江淮川大手揪住沈枝意的衣领,将她拽进车里。
车子在公路上飞驰,引擎的轰鸣声在沈枝意的耳边回荡,她感受着风从耳边呼啸而过,车速越来越快,仿佛要飞离地面,她的内心隐约有一丝惴惴不安。

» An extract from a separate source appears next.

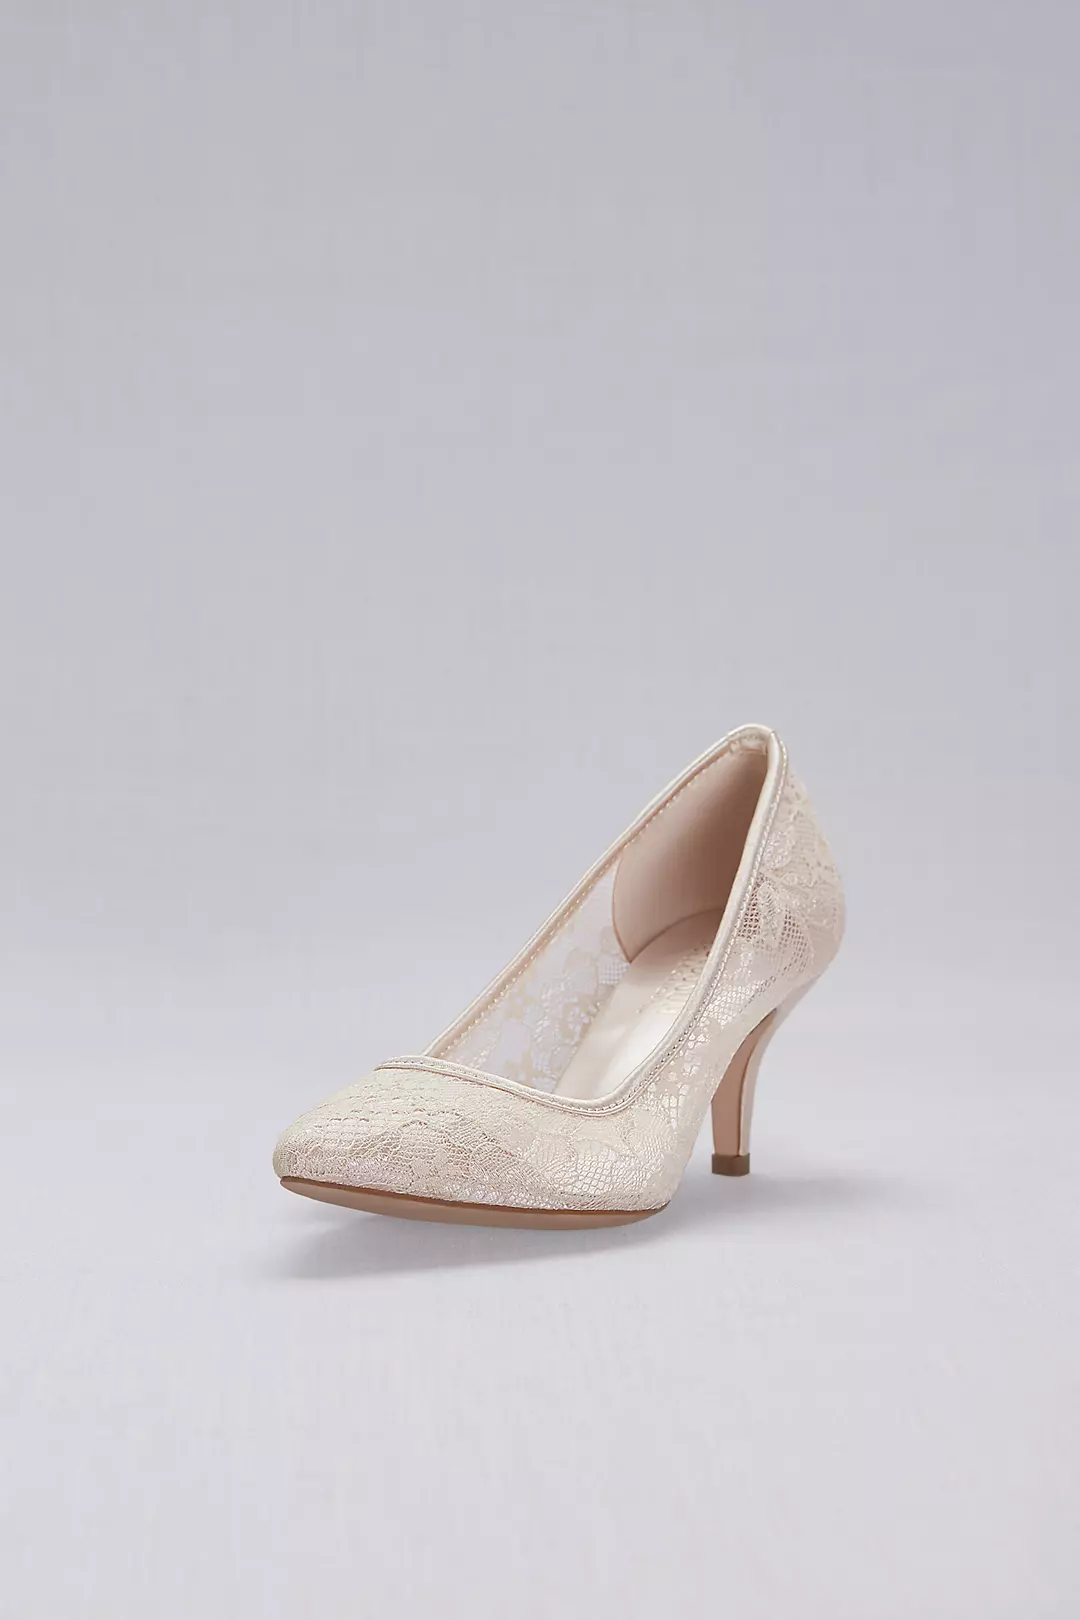 Lace Pointed-Toe Mid-Heel Pumps Image
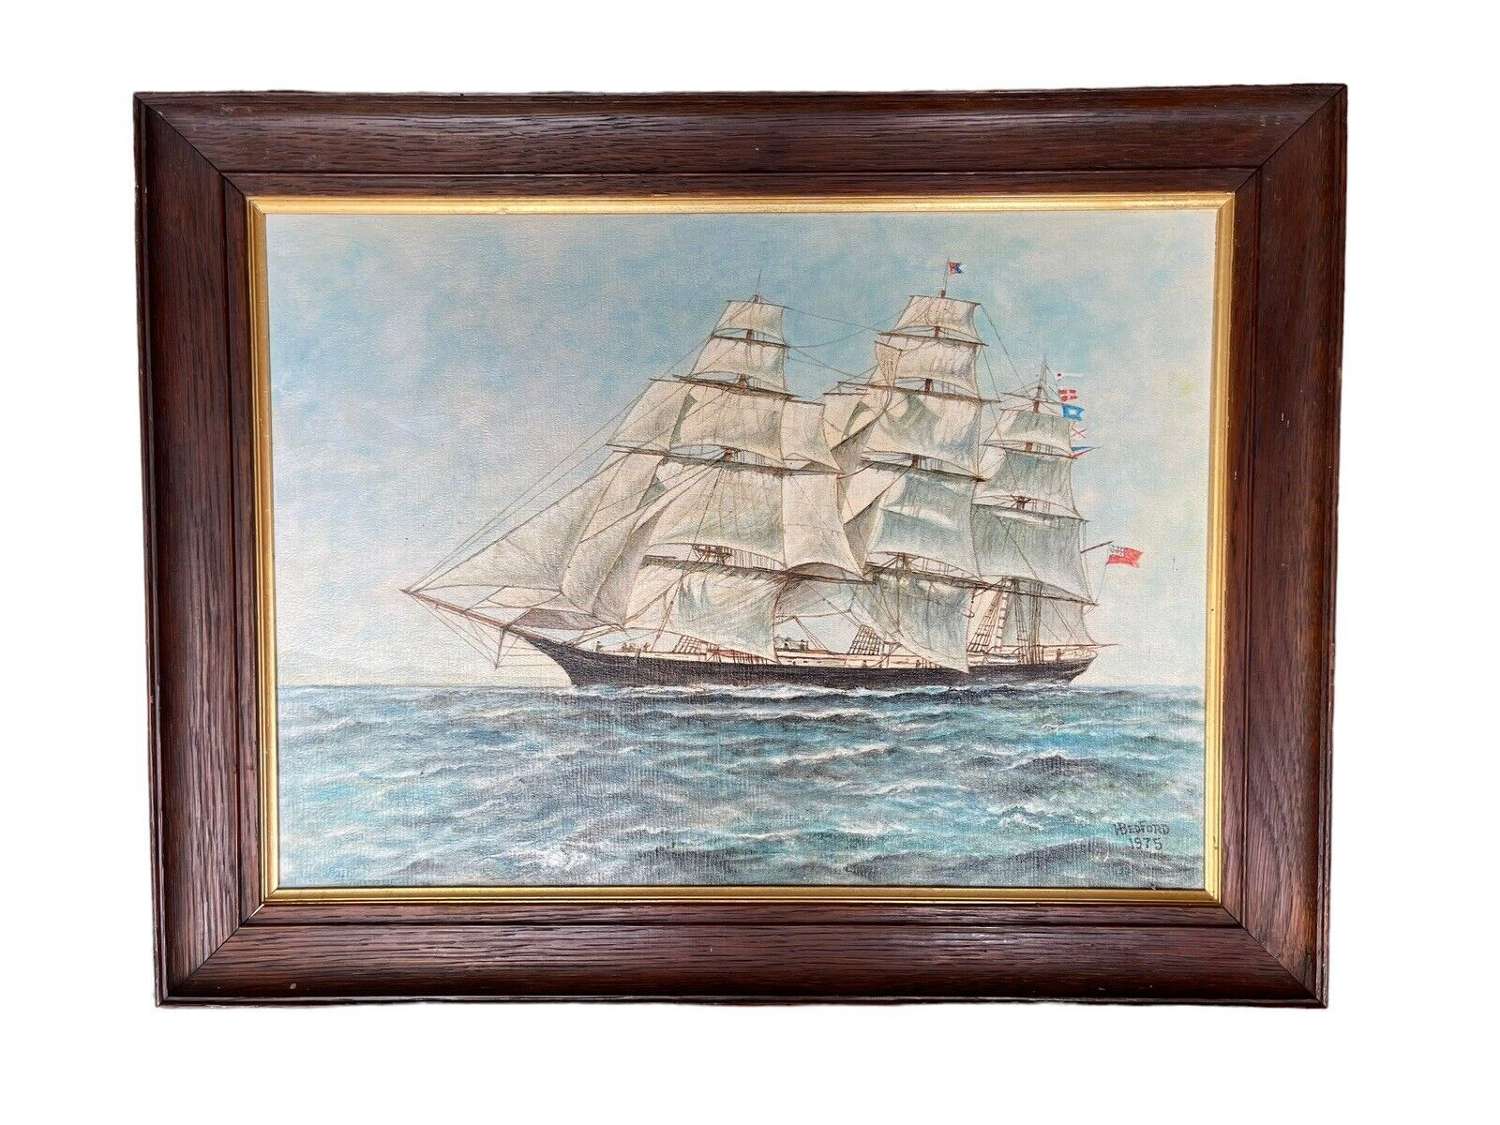 Vintage painting of a sailing ship

车驶入别墅的地下室,江淮川打开车门,攥紧她的手腕将她甩在地上。
她被推到地下室的一侧,站起身子却看到一个手脚被绑着,伤痕累累,浑身被打得皮开肉绽的男人。
沈枝意的眼神微微错愕,似乎还未从突如其来的困惑中反应过来,她抬眼瞧着江淮川。
江淮川双手交叉环在胸前,趾高气扬地表示道:“这就是你所谓的恩公,陆景明,他一个不过是一个籍籍无名,家里还有八十岁的老母亲,债务沉重的废物而已!”
沈枝意简直不敢相信自己的耳朵,好像晴天霹雳当头一击,又似乎被人从头到尾浇灌了一盆冷水,全身麻木。
她拼命地跑向跪在地上的男人,手抚摸上他的伤口,心中宛若被万只蚂蚁在啃食着,疼痛难忍。
沈枝意的脑海中浮现出前八世和他的种种,瞬间泪雨蒙蒙。
她的身体一顿,沈枝意挥舞着双手,想用术法来治疗陆景明身上的伤,可无论她重复了多少遍,身体里却连法力流动的气息都不曾出现。
“怎么会这样,我的法力呢?”
她双眼空洞,紧盯着双手,崩溃地大声嘶叫了起来。